Мы тронулись, незаметно сплетя пальцы. Их у человека пять, а ведь даже одного достаточно, чтобы почувствовать взаимную близость.
Проходя мимо бани мы увидели, как Васек вышел из прачечной с горячим закопченным котелком, поставил его на траву, подул себе на пальцы, сказал татарину-пильщику: «Беру на минутку», – взял топор и заковылял прочь. Мы уже прошли дальше, но я оглянулся, ведь я сидел в лагере уже не первый год. Васек не спеша подошел к растянувшемуся поддеревом Бобу, перевел дух, быстро размахнулся и ударил спящего по голове. Тот не крикнул, только сильно дернул ногами.
– Ну, что же вы остановились? Что опять случилось? – ласково прошептала Анечка у моего плеча – она ничего не заметила.
– На, держи топор, чучмек! – спокойно сказал Васек татарину, взял свой котелок и зашагал в барак. Проходя мимо нас, обернулся и добавил: На вахту я зайду сам, слышь, вот поем картошку и зайду, понял? Хай сука полежит тута!
Мы осторожно подошли поближе. Лужи крови казались голубыми, потому что день был погожий: они отражали весеннее небо.
– Погиб из-за белья, – проговорил я шепотом.
– Из-за Грязнульки. Год с ней пожил. Кто будет следующим? – ответила Анечка тоже шепотом.
Оба мы постояли в нерешительности. Какая жизнь…
– Пора идти на доклад, – сказал я.
– Зайдем к Шуре. Вымоем руки и умоемся.
– Так ведь не мы рубили Боба…
– А все-таки… Противно! Руки вдруг стали какими-то липкими и скользкими… Бр-р-р…
3
– Доброе утро, Анна Михайловна! Доброе утро, доктор! – стройный мужчина неопределенного возраста вежливо раскланивается и церемонно жмет руки. У него правильное, английского типа лицо, подстриженные темно-рыжие усы и холодный, пренебрежительный и насмешливый взгляд. Если бы не форменная одежда первого срока, то о нем можно было сказать: «Это настоящий барин!»
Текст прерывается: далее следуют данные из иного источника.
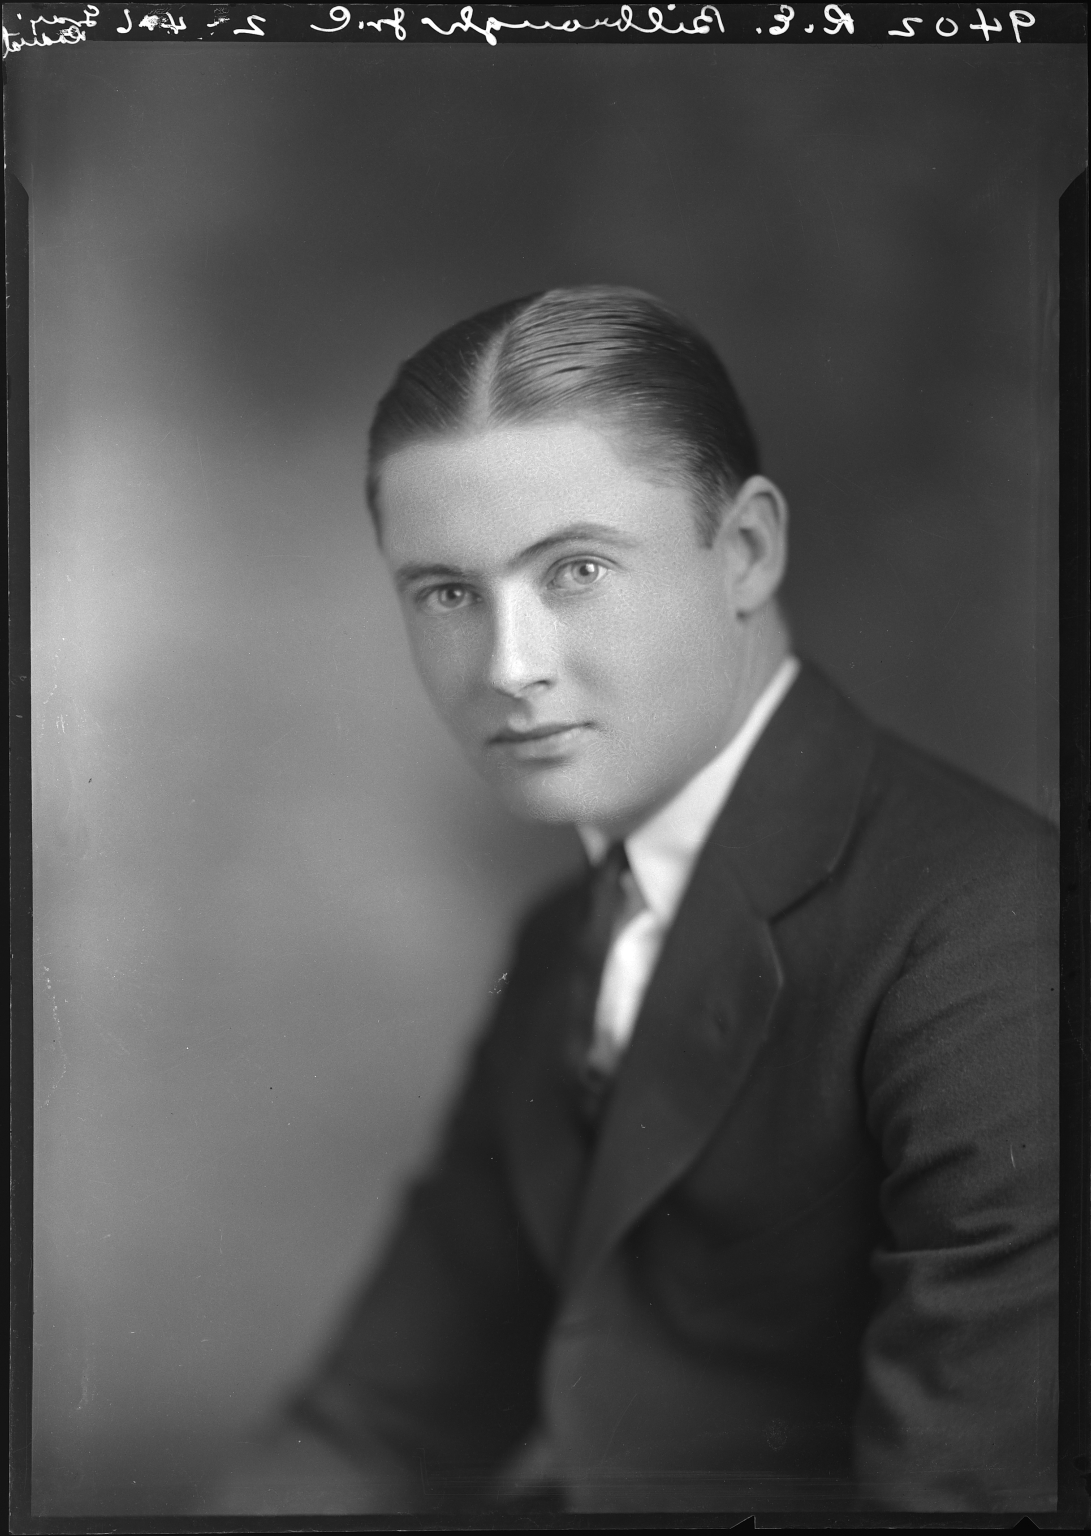 Portraits of R. E. Bilbrough

В далеком прошлом товарищ Греков носил черные очки, и выдавал себя за слепого и даже был видным деятелем в Московском обществе слепых. Потом, как некогда Чичикова, его осенила великая идея, которой он и посвятил остальную жизнь: он учел разницу между николаевским и сталинским временем, соответственное увеличение количества мертвых душ в стране и решил не покупать их, а торговать с ними. Поэтому срочно прозрел и принялся за дело. В Москве организовал модельную мастерскую для слепых. Их число для верности сдобрил зрячими умельцами и пустил в производство модель дома Кашириных в Нижнем Новгороде. И стал развозить большие стеклянные ящики с миловидным домиком по матушке Руси, точнее, по заведующим школами и домами культуры. Одни покупали, другие отказывались.
– Как? Вы не желаете?! – говорил в подобных случаях Греков. – Да знаете ли вы, как высоко ценит гениального Горького товарищ Сталин? Значит, вы не согласны с Иосифом Виссарионовичем?
Такой оборот разговора заставлял строптивых вольнодумцев поджимать хвост и опускать уши… После пылких уверений в противном следовало бодрое согласие и кругленький заказ.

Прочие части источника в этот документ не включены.